Posted by Rob Brandt, With 0 Comments, Category: Announcements, Talking to kids, Tags:

Part of BREAKING THE SILENNCE and talking “EARLY, OFTEN and RIGHT,” is our non-verbal communication. The things we do versus the things we say. We need to face the reality of what we have created. We tell our kids not to do drugs, but what do kids watchingwe show them?

Less people greater usage

In the United States, we account for less than 5% of the world’s population.

  • We use over 65% of the world’s illegal drug
  • We use over 80% of the world’s prescription medication
  • We use over 99% of the world’s Vicodin supply

On one hand, we say “DON’T DO DRUGS,” and on the other we envelope our kids in a world surrounded with drugs.

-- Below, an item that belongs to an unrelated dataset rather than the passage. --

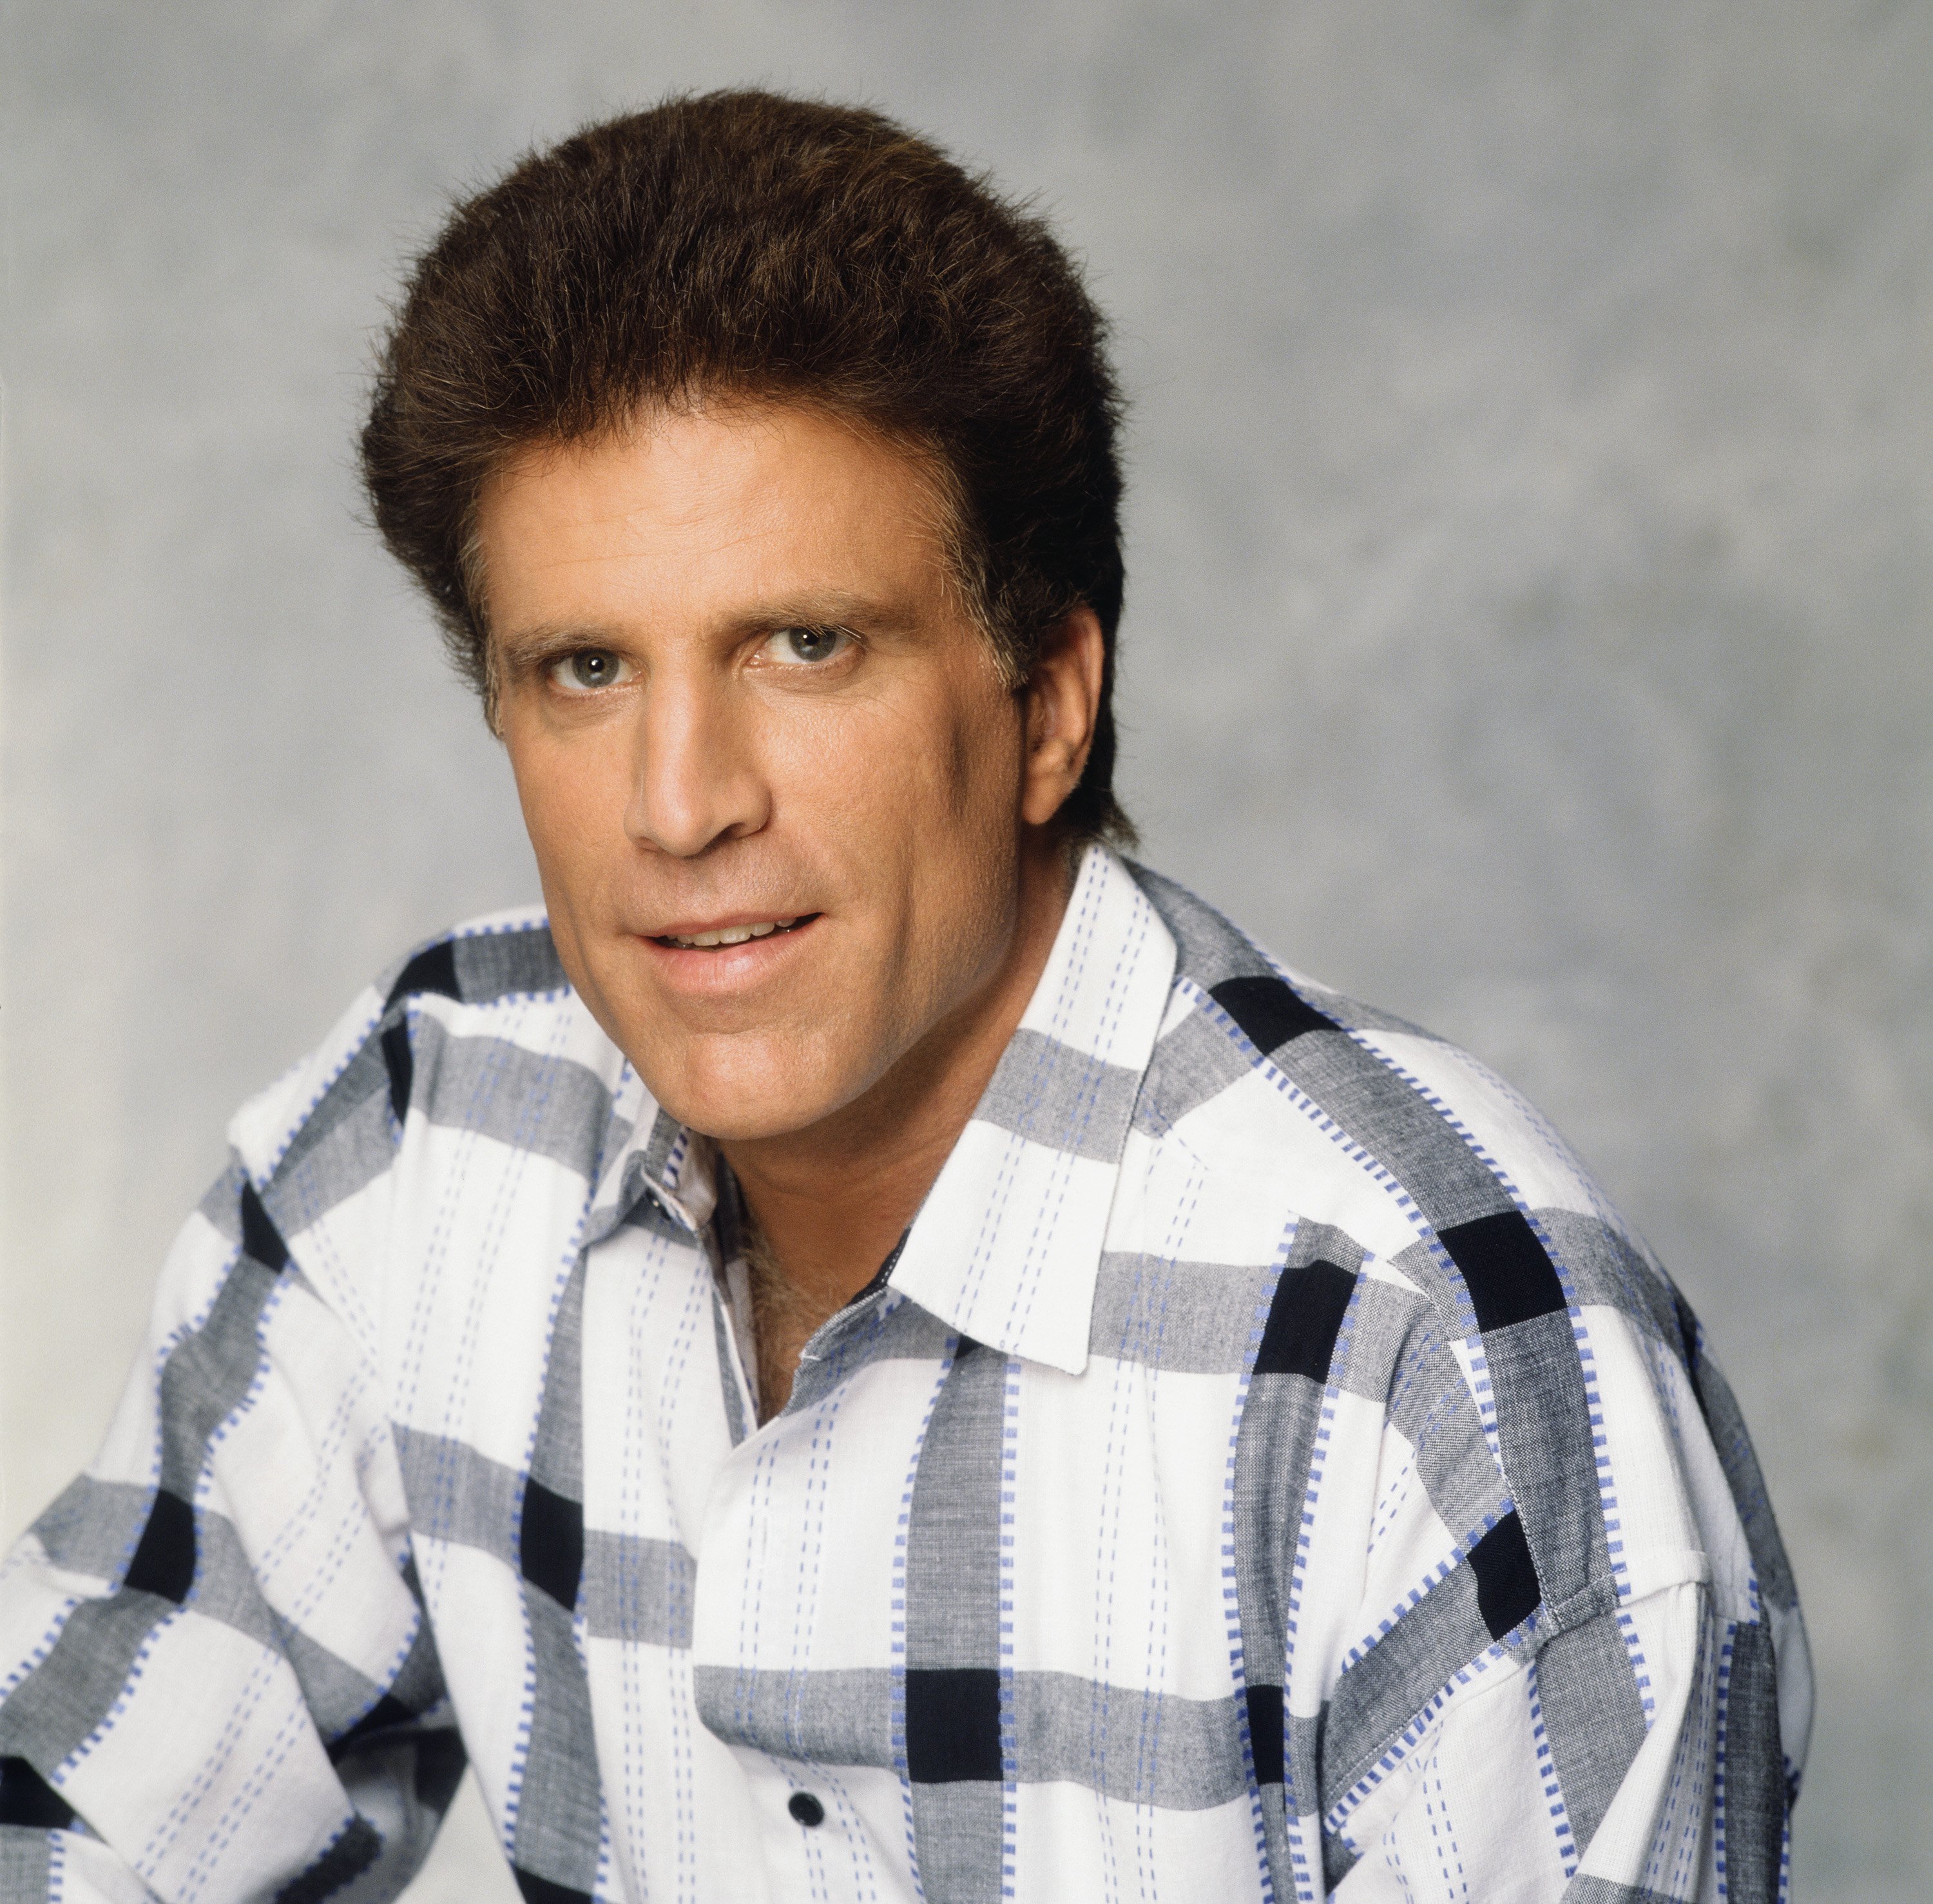 Actor Ted Danson as Sam Malone in the sitcom, "Cheers" during Season 7 on January 1, 1990.┃Source: Getty Images

It doesn’t stop there; think about the messaging of the TV shows, movies, music and video games. The message is that it is OK, have fun, party on, yet none of them are talking about the next day or consequences.  Again, the message is simple; it is OK.

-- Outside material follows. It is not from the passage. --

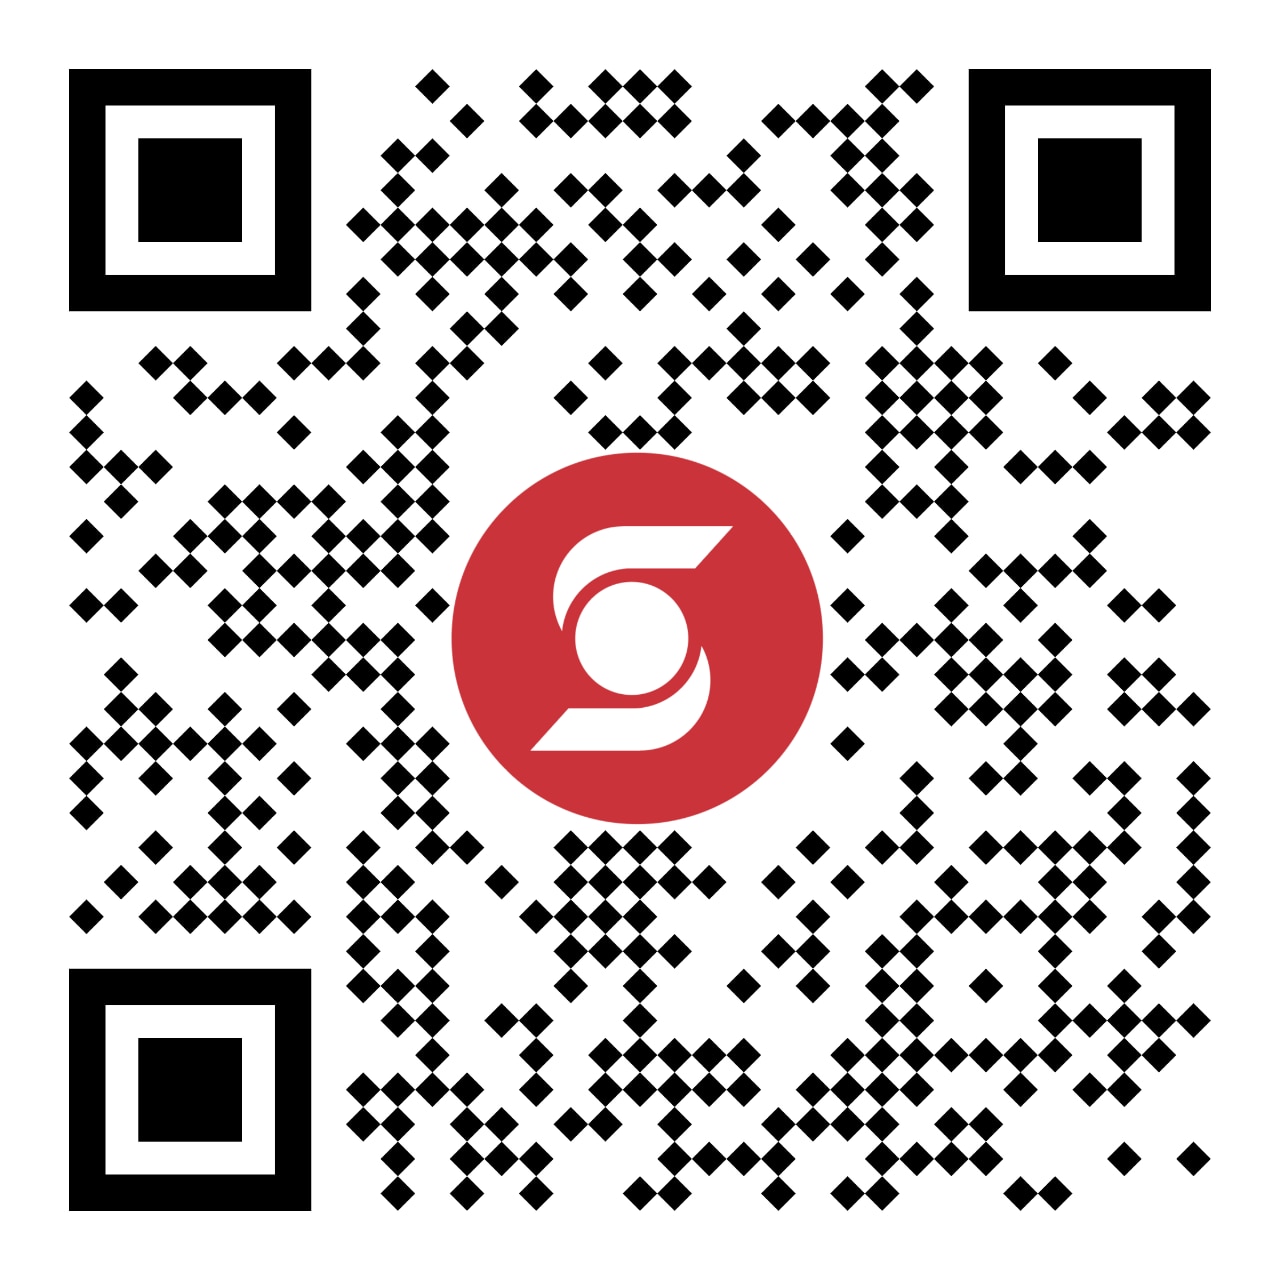 Scan the QR code and download our app today!

In our own homes, most of us are a product of the “take a pill – feel better” generation and as a result we show our kids one thing while we say another. How often do we casually talk about needing a pill for a headache or back pain?  How often do we casually say “Oh, I need a drink” or come home and immediately get a drink or more…

Kids are always watching

These are the behaviors our kids see and the visual is way more influential than the verbal.

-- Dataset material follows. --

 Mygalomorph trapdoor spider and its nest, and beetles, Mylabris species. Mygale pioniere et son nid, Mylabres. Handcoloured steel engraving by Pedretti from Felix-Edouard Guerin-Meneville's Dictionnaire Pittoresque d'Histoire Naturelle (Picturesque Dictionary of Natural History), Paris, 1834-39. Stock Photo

Certainly we are not saying don’t have a drink or avoid medicines for ailments, but we have a problem. We, as adults,  have helped create this problem. We have a responsibility to our kids to teach by our actions as well as our words.  We have a responsibility to be part of the solution.  Think about the message we send and more important the message they receive.

BREAKING THE SILENCE takes many forms. There is an opportunity to break it by our words and our actions. What little measures could you do at home to help model the behavior we want in our children?